**TRY IT:** Your job is to set down the stretch of entries that opens with the line containing "Blanco Zapatillas Versace" and closes with the line containing "Quần jean xanh đen qj1162 - 1". Keep both end lines, copy each exactly, and add nothing.

**Records contained in a dataset:**
────────────────

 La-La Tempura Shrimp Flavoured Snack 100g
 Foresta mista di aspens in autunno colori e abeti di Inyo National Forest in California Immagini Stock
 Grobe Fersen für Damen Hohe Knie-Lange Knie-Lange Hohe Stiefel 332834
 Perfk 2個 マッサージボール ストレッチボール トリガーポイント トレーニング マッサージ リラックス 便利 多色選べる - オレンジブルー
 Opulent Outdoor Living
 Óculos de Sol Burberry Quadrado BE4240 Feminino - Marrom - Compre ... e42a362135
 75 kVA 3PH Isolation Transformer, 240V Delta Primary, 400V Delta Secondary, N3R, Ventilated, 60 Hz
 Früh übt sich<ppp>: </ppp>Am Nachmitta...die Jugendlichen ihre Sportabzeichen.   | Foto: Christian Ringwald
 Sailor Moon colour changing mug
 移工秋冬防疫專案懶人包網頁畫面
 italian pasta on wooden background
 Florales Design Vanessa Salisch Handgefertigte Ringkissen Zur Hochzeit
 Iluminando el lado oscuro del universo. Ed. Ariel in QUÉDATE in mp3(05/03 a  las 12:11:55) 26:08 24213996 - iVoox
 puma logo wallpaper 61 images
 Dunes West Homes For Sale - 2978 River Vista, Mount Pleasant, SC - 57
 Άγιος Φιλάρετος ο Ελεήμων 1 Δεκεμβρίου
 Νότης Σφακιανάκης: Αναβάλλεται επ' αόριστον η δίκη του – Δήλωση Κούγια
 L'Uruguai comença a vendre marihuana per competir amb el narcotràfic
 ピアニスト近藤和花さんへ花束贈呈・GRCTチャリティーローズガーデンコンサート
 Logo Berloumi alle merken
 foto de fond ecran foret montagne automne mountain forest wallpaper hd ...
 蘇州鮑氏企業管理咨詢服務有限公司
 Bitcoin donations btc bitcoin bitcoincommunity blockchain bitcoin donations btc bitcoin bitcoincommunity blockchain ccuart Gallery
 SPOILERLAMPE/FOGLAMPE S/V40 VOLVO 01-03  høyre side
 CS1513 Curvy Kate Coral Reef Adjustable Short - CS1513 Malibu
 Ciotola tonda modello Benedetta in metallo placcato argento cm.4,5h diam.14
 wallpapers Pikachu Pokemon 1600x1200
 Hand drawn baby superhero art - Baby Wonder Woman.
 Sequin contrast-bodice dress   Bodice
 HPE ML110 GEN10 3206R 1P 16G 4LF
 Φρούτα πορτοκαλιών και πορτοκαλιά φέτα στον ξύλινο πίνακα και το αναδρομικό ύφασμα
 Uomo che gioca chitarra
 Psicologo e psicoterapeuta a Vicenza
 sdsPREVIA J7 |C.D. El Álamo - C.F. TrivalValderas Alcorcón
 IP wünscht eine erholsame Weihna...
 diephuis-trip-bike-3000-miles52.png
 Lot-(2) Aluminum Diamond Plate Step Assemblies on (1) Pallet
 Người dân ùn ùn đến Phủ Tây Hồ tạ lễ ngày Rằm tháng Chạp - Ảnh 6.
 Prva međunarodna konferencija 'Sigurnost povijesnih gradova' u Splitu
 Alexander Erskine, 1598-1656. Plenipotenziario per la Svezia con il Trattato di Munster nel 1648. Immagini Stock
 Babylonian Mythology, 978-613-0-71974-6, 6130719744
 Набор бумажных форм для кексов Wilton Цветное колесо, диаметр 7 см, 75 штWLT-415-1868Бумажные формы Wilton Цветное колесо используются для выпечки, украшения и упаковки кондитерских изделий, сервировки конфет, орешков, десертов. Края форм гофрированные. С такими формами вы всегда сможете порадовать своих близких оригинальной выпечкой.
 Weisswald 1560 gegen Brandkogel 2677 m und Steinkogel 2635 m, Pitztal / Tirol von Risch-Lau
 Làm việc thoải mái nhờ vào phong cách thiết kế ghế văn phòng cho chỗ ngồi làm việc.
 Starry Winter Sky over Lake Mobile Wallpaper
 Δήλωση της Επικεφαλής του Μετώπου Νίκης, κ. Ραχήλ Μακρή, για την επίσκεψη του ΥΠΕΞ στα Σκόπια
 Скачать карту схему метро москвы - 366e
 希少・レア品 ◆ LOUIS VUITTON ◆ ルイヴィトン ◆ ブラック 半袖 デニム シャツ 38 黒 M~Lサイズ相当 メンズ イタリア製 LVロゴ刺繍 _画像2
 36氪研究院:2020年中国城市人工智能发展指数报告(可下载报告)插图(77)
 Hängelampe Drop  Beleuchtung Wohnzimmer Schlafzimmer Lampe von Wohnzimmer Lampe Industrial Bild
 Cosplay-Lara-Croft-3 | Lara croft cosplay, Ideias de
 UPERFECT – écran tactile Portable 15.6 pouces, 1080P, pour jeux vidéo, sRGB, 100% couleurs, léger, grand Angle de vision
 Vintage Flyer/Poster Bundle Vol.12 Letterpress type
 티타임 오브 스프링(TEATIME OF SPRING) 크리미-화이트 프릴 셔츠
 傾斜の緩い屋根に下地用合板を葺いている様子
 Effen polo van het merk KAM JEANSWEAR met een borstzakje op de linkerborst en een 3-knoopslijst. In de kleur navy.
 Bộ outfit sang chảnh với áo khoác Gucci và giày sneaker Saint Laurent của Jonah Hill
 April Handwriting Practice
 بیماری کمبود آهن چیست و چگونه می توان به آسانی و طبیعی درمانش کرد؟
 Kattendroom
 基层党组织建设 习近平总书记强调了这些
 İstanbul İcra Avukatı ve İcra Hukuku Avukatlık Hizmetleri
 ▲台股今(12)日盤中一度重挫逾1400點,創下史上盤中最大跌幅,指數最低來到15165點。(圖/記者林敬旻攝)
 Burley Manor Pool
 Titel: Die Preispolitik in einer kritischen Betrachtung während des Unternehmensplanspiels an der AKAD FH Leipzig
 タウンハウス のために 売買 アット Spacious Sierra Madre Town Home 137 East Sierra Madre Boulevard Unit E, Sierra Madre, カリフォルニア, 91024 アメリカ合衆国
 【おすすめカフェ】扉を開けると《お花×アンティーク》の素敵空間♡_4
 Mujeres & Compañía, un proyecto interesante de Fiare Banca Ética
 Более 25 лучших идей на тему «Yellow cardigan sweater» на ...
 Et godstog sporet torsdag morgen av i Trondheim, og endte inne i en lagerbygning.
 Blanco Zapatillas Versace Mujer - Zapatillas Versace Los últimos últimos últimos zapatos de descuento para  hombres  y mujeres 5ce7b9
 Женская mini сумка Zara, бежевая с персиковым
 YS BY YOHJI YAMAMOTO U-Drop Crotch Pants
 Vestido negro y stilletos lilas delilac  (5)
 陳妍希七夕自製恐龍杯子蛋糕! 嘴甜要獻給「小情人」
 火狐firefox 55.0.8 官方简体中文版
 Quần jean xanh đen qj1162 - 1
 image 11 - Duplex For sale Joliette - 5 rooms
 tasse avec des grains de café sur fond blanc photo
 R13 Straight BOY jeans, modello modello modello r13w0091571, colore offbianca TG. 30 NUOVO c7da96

────────────────

**RESPONSE:**
 Blanco Zapatillas Versace Mujer - Zapatillas Versace Los últimos últimos últimos zapatos de descuento para  hombres  y mujeres 5ce7b9
 Женская mini сумка Zara, бежевая с персиковым
 YS BY YOHJI YAMAMOTO U-Drop Crotch Pants
 Vestido negro y stilletos lilas delilac  (5)
 陳妍希七夕自製恐龍杯子蛋糕! 嘴甜要獻給「小情人」
 火狐firefox 55.0.8 官方简体中文版
 Quần jean xanh đen qj1162 - 1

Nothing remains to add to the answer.